The first set humidity threshold value here specifically refers to the same set humidity threshold value as the first set humidity threshold value of the wind blocking position of the cyclone wind-scattering module determined above. In addition, in other embodiments, the first set humidity threshold for determining the wind guiding position of the first wind guiding plate and the first set humidity threshold for determining the wind guiding position of the cyclone wind dispersing module may also refer to different set humidity thresholds according to actual situations. In addition, in other embodiments, the humidity interval corresponding to different air guiding positions of the first air guiding plate may be divided according to actual requirements by using different set humidity thresholds when the environmental temperature parameter is greater than or equal to the set temperature threshold, for example, the first set humidity threshold is used as the critical value of the humidity interval when the environmental temperature parameter is greater than or equal to the set temperature threshold, and the second set humidity threshold is used as the critical value of the humidity interval when the environmental temperature parameter is less than the set temperature threshold.

The set temperature threshold is specifically a temperature threshold for distinguishing the indoor environment temperature drop requirement. The specific value of the set temperature threshold can be set according to actual conditions, and the set temperature threshold can be a parameter set by a user or a parameter configured by default of the system. In this example, the temperature threshold was set at 26 ℃. In other embodiments, the set temperature threshold may also be set to 25 ℃, 27 ℃, 28 ℃, etc. as desired.

The environmental temperature parameter is greater than or equal to the settlement temperature threshold value, shows that the temperature drop demand is great at this moment, and on this basis, condensation possibility is less when humidity is lower, and the first aviation baffle adopts less wind guiding angle to carry out the wind-guiding this moment, guarantees that all air currents in the wind channel can reach the air outlet, and the position of keeping out the wind of cooperation whirlwind wind module has great area of keeping out the wind here to make the air conditioner can realize avoiding condensation phenomenon to produce, user's wind sense demand to satisfy and compromise when indoor environment temperature drops the effect. The condensation possibility is larger when the humidity is higher, the first air deflector is used for guiding air by adopting a larger air guiding angle, the wind shielding position of the cyclone air scattering module is matched with a smaller wind shielding area, the air flow in the air duct can effectively reduce the air quantity reaching the air outlet and reduce the air flow speed under the blocking or guiding action of the large air guiding angle of the first air deflector, the low-speed air flow reaching the air outlet on the basis can be blown out in a larger area which is not shielded by the cyclone air scattering module, meanwhile, the cold quantity reaching the air outlet can be reduced, the condensation phenomenon is avoided due to the fact that the temperature difference between the inner side and the outer side of the air outlet is larger, meanwhile, the wind speed felt by indoor users can be weakened due to the diffusion action of the cyclone air scattering module, and the air conditioner can achieve the effects of avoiding the condensation phenomenon, meeting the user wind sensing requirement and reducing the indoor environment temperature.

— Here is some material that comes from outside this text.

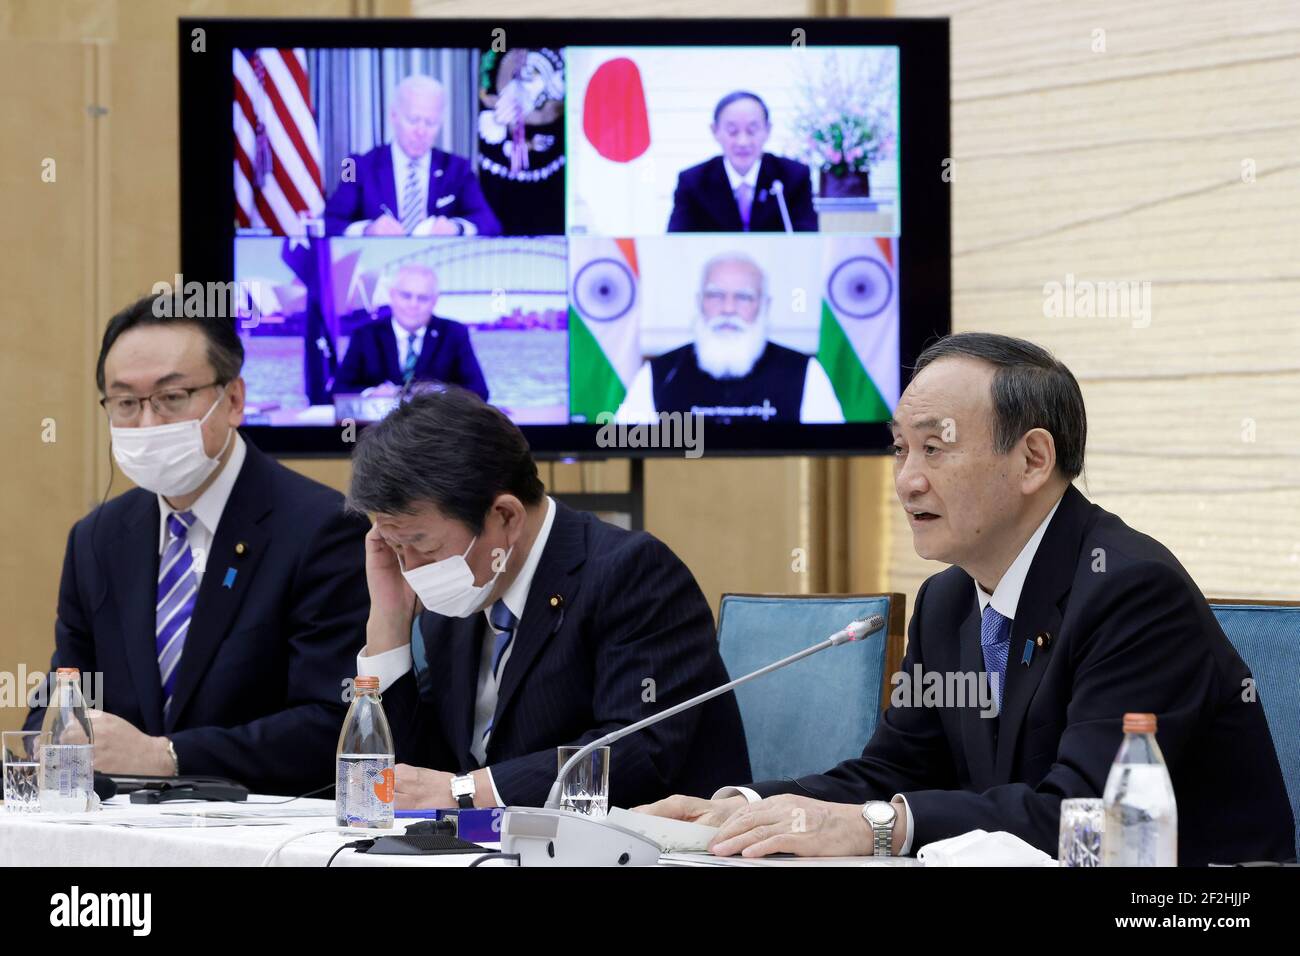 Tokyo, Japan. 12th Mar, 2021. Yoshihide Suga (R) Japanese Prime Minister speaks while a monitor displays U.S. President Joe Biden, Scott Morrison, Australia's Prime Minister, and Narendra Modi, India's Prime Minister, during the Virtual Quadrilateral Security Dialogue (Quad) meeting at his official residence in Tokyo, Japan, on Friday, March 12, 2021. Credit: POOL/ZUMA Wire/Alamy Live News Stock Photo

The environmental temperature parameter is less than the settlement temperature threshold value, indicate that the temperature drop demand is less this moment, on this basis, condensation possibility is less when humidity is lower, this moment first aviation baffle adopts great wind guide angle to carry out the wind guide, the amount of wind of blowing to the air outlet in the reducible wind channel, the position of keeping out the wind of cooperation cyclone wind module has great area of keeping out the wind here, guarantee that air outlet output cold volume can satisfy the temperature drop demand and further improve the diffusion effect of the air outlet air-conditioner of air conditioner simultaneously, realize user's wind sense travelling comfort's improvement, make the air conditioner can realize avoiding condensation phenomenon to produce, user's wind sense demand is satisfied and compromise when indoor environment temperature drops the effect. The condensation possibility is larger when the humidity is higher, at the moment, the first air deflector adopts a smaller air guide angle to guide air, the wind shielding position of the cyclone air scattering module is matched with a smaller wind shielding area, the air flow in the air duct can effectively increase the air outlet quantity of the air outlet under the action of the small air guide angle of the first air deflector, so that the temperature of the inner side and the outer side of the air outlet is further close to ensure that the condensation phenomenon is caused by larger temperature difference between the inner side and the outer side of the air outlet, and meanwhile, the wind speed felt by an indoor user can be weakened through the diffusion action of the cyclone air scattering module, so that the air conditioner can realize the effects of avoiding the condensation phenomenon, meeting the user wind sensing requirement and reducing the indoor environment temperature.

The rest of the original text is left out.